**What to produce:**
Skip every image and restate the data word for word.

**Collected material:**
____
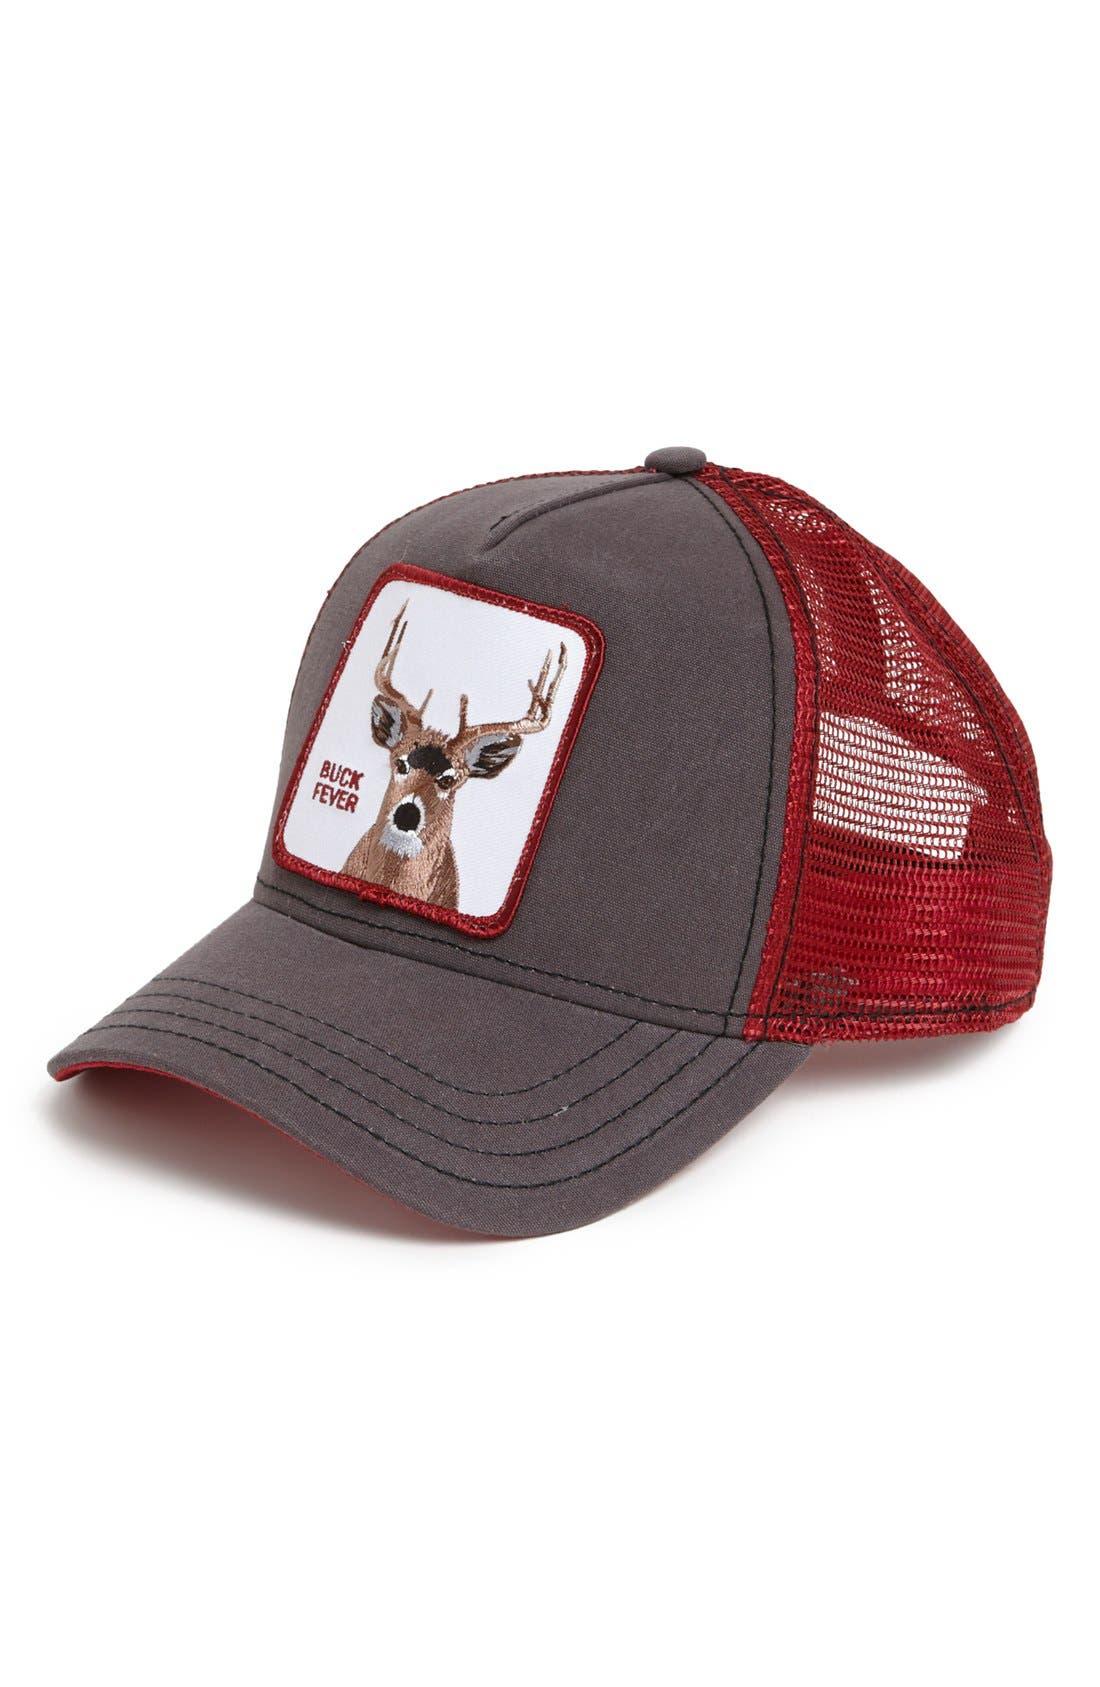 GOORIN BROTHERS Animal Farm - Buck Fever Trucker Cap
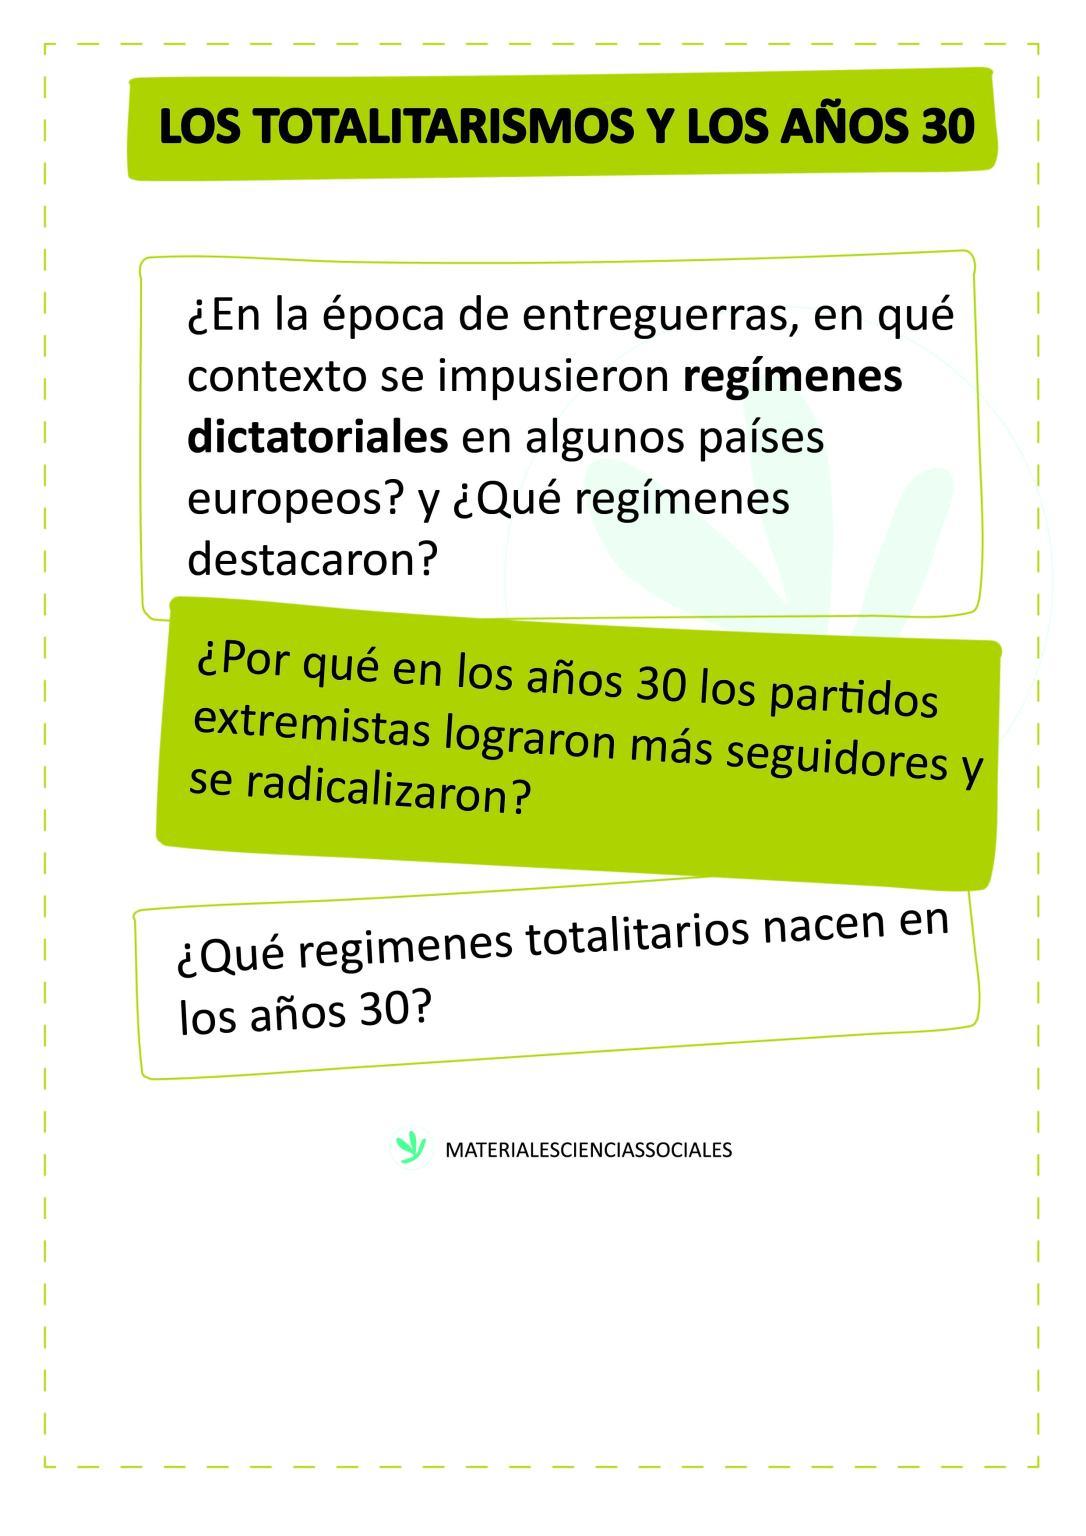 ENTREGUERRAS-03
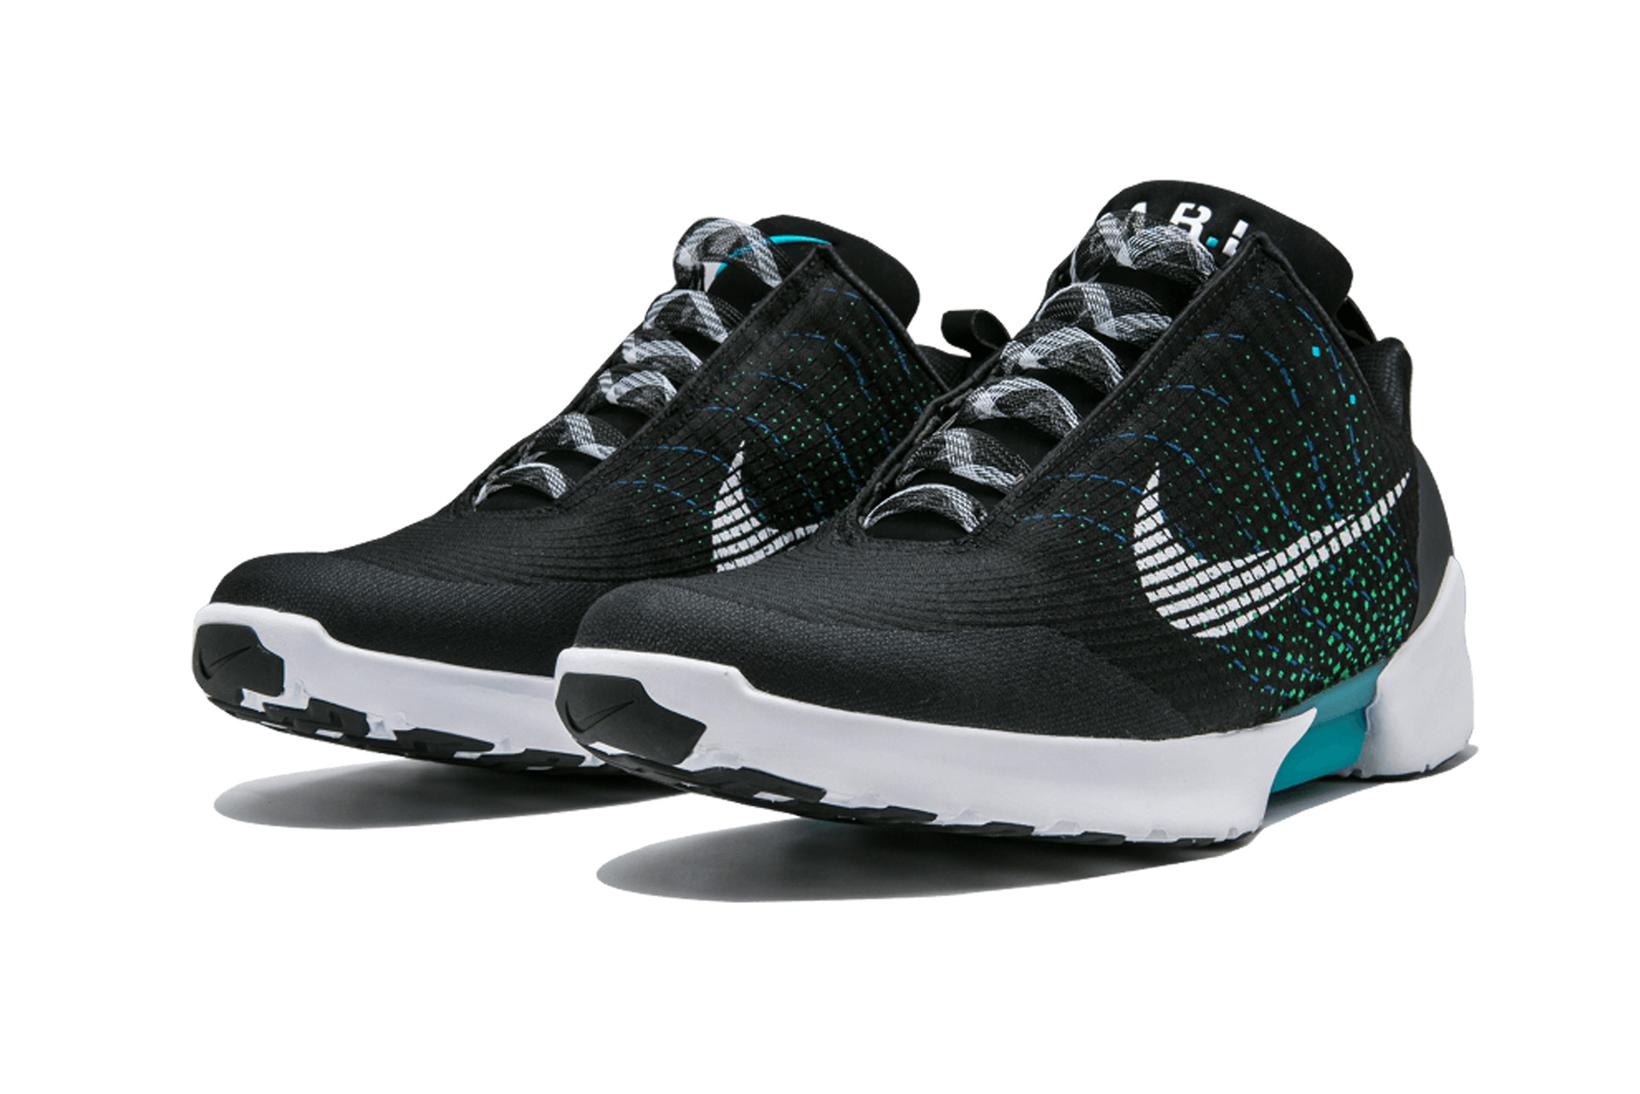 Stadium Goods Nike adidas YEEZY Kobe NMD
____
**Reply:**
 GOORIN BROTHERS Animal Farm - Buck Fever Trucker Cap
 ENTREGUERRAS-03
 Stadium Goods Nike adidas YEEZY Kobe NMD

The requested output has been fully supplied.